[proofplan] We first extend the state $\rho$ from the closed linear subspace $B\subset A$ to a bounded complex linear functional on all of $A$ by the complex [Hahn-Banach theorem](/theorems/879), preserving its norm. Since $A$ and $B$ have the same unit, the extension still takes the value $1$ at the unit. The remaining point is to prove a standard characterization: a complex linear functional $\phi$ on a unital C*-algebra satisfying $\|\phi\|=\phi(1)=1$ is positive. Applying that characterization to the Hahn-Banach extension gives a positive normalized extension, hence a state. [/proofplan]

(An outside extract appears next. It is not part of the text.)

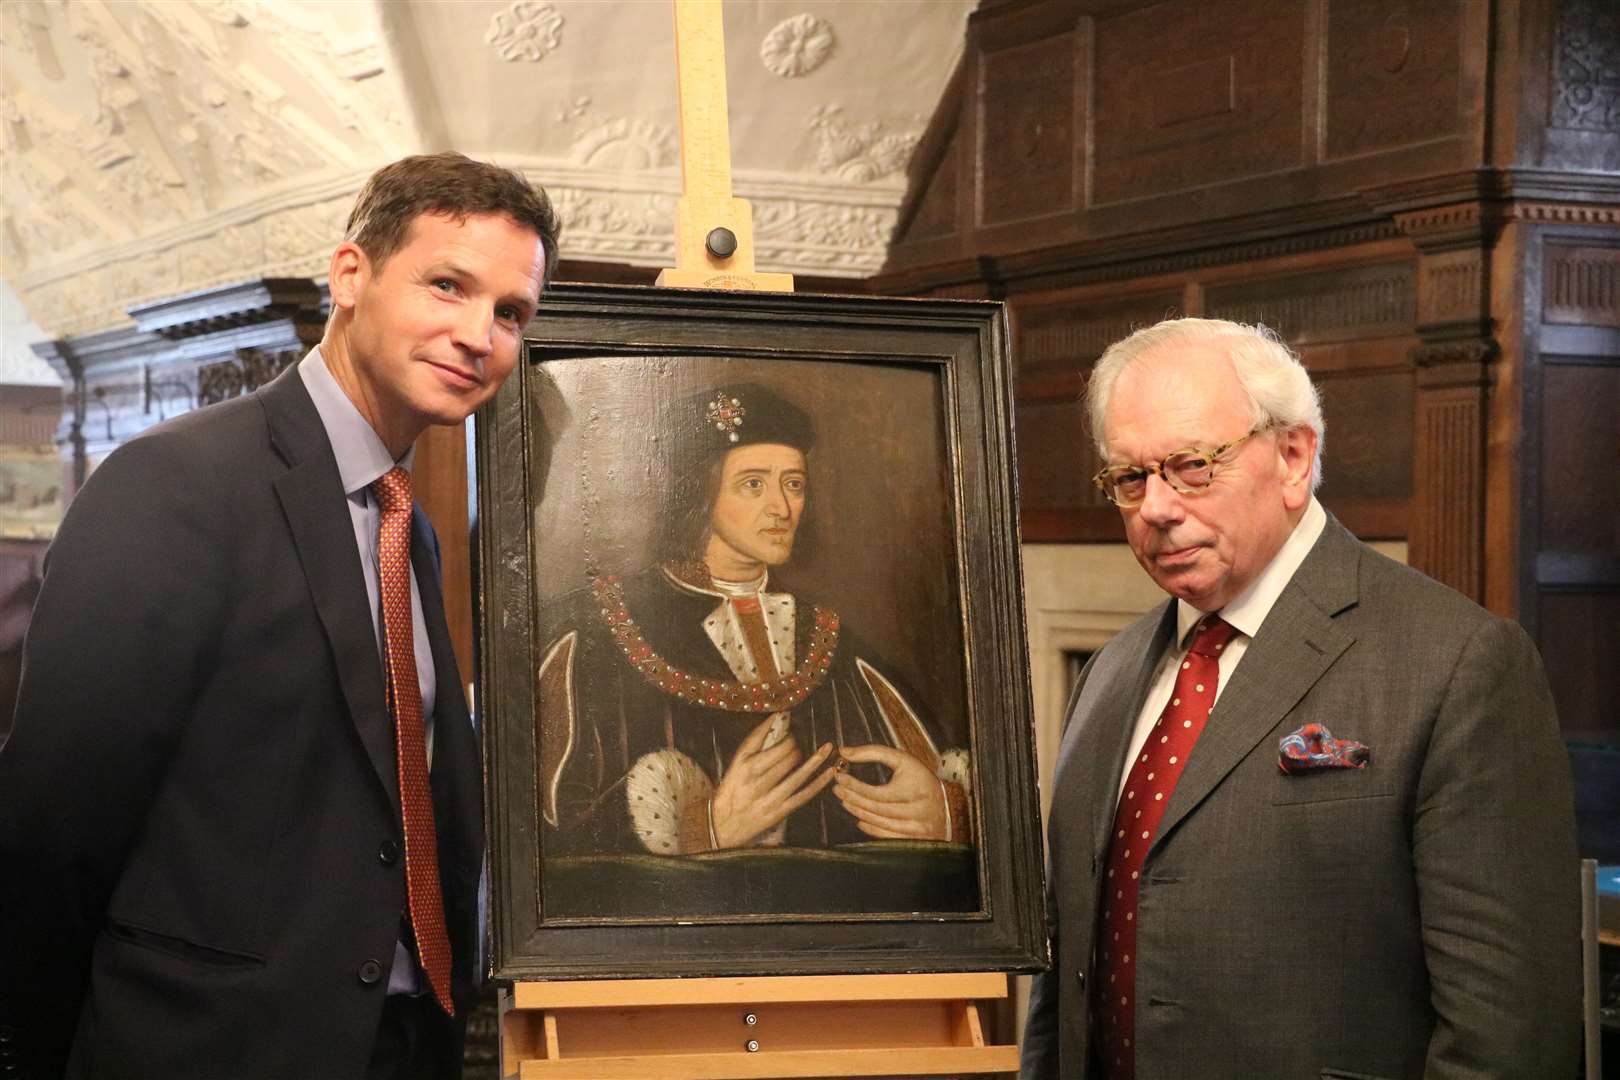 Duncan Lesley, the CEO of Hever Castle, with Dr David Starkey and the portrait

[step:Extend the state by complex Hahn-Banach with unchanged norm] Because $\rho$ is a state on the unital C*-algebra $B$, it is positive and satisfies $\rho(1_A)=1$. By [citetheorem:8557], applied to the positive linear functional $\rho:B\to\mathbb C$, its operator norm is \begin{align*} \|\rho\|_{B^*}=\rho(1_A)=1. \end{align*} Regard $B$ as a complex linear subspace of the normed complex [vector space](/page/Vector%20Space) $A$, with the norm inherited from $A$. By the complex Hahn-Banach theorem for normed complex vector spaces (citing a result not yet in the wiki: complex Hahn-Banach theorem for normed complex vector spaces), there exists a complex linear functional \begin{align*} \widetilde{\rho}:A\to\mathbb C \end{align*} such that $\widetilde{\rho}|_B=\rho$ and \begin{align*} \|\widetilde{\rho}\|_{A^*}=\|\rho\|_{B^*}=1. \end{align*} Since $1_A\in B$ and the units of $A$ and $B$ agree, the extension property gives \begin{align*} \widetilde{\rho}(1_A)=\rho(1_A)=1. \end{align*} [/step]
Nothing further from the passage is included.